(Records from a collection)
* * *

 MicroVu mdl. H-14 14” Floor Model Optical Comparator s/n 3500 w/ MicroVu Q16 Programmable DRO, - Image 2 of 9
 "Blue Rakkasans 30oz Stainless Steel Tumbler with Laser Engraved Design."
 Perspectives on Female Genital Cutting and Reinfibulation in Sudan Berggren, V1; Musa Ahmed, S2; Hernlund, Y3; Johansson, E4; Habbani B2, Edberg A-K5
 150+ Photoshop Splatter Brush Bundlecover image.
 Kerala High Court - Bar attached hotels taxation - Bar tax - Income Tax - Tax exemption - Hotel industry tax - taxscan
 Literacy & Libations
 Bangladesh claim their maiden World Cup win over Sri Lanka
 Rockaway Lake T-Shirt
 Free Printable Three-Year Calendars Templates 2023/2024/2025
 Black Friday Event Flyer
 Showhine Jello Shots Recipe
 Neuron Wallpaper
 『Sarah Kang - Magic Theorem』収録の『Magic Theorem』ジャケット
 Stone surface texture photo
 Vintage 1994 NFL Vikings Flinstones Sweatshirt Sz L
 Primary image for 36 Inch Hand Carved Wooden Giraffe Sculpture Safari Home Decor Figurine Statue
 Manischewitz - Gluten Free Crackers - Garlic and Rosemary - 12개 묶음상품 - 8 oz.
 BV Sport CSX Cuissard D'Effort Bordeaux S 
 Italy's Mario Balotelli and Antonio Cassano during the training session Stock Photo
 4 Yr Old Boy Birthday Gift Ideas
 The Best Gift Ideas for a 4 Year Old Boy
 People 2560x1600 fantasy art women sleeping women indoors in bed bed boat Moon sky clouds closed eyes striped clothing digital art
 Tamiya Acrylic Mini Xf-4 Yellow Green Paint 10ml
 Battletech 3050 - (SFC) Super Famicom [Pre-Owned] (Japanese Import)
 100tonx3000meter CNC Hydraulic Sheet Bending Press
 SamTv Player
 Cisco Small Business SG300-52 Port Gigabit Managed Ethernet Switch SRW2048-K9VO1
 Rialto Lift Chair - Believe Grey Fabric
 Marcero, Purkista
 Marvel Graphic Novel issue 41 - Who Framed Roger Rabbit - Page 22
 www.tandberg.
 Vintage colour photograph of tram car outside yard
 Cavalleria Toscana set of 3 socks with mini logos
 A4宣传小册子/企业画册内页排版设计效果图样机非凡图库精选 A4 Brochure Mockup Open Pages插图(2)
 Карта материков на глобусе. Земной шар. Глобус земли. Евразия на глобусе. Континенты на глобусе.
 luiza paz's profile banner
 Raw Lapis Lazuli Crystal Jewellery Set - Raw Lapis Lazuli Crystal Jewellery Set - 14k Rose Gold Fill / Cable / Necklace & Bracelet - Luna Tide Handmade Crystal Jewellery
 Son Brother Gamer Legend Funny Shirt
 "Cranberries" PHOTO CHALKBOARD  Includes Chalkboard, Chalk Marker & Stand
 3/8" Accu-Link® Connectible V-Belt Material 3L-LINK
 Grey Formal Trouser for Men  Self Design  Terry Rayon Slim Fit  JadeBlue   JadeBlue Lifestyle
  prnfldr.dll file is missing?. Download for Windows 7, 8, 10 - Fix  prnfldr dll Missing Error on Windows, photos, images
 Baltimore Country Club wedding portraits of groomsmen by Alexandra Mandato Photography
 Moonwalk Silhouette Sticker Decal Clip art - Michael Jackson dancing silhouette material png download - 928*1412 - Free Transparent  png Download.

* * *

• _Directions for this task_: Among the entries above, copy exactly only the lines starting with the one containing "Neuron Wallpaper" and going through the one containing "Cavalleria Toscana set", both ends included.

• _Solved problem_:
 Neuron Wallpaper
 『Sarah Kang - Magic Theorem』収録の『Magic Theorem』ジャケット
 Stone surface texture photo
 Vintage 1994 NFL Vikings Flinstones Sweatshirt Sz L
 Primary image for 36 Inch Hand Carved Wooden Giraffe Sculpture Safari Home Decor Figurine Statue
 Manischewitz - Gluten Free Crackers - Garlic and Rosemary - 12개 묶음상품 - 8 oz.
 BV Sport CSX Cuissard D'Effort Bordeaux S 
 Italy's Mario Balotelli and Antonio Cassano during the training session Stock Photo
 4 Yr Old Boy Birthday Gift Ideas
 The Best Gift Ideas for a 4 Year Old Boy
 People 2560x1600 fantasy art women sleeping women indoors in bed bed boat Moon sky clouds closed eyes striped clothing digital art
 Tamiya Acrylic Mini Xf-4 Yellow Green Paint 10ml
 Battletech 3050 - (SFC) Super Famicom [Pre-Owned] (Japanese Import)
 100tonx3000meter CNC Hydraulic Sheet Bending Press
 SamTv Player
 Cisco Small Business SG300-52 Port Gigabit Managed Ethernet Switch SRW2048-K9VO1
 Rialto Lift Chair - Believe Grey Fabric
 Marcero, Purkista
 Marvel Graphic Novel issue 41 - Who Framed Roger Rabbit - Page 22
 www.tandberg.
 Vintage colour photograph of tram car outside yard
 Cavalleria Toscana set of 3 socks with mini logos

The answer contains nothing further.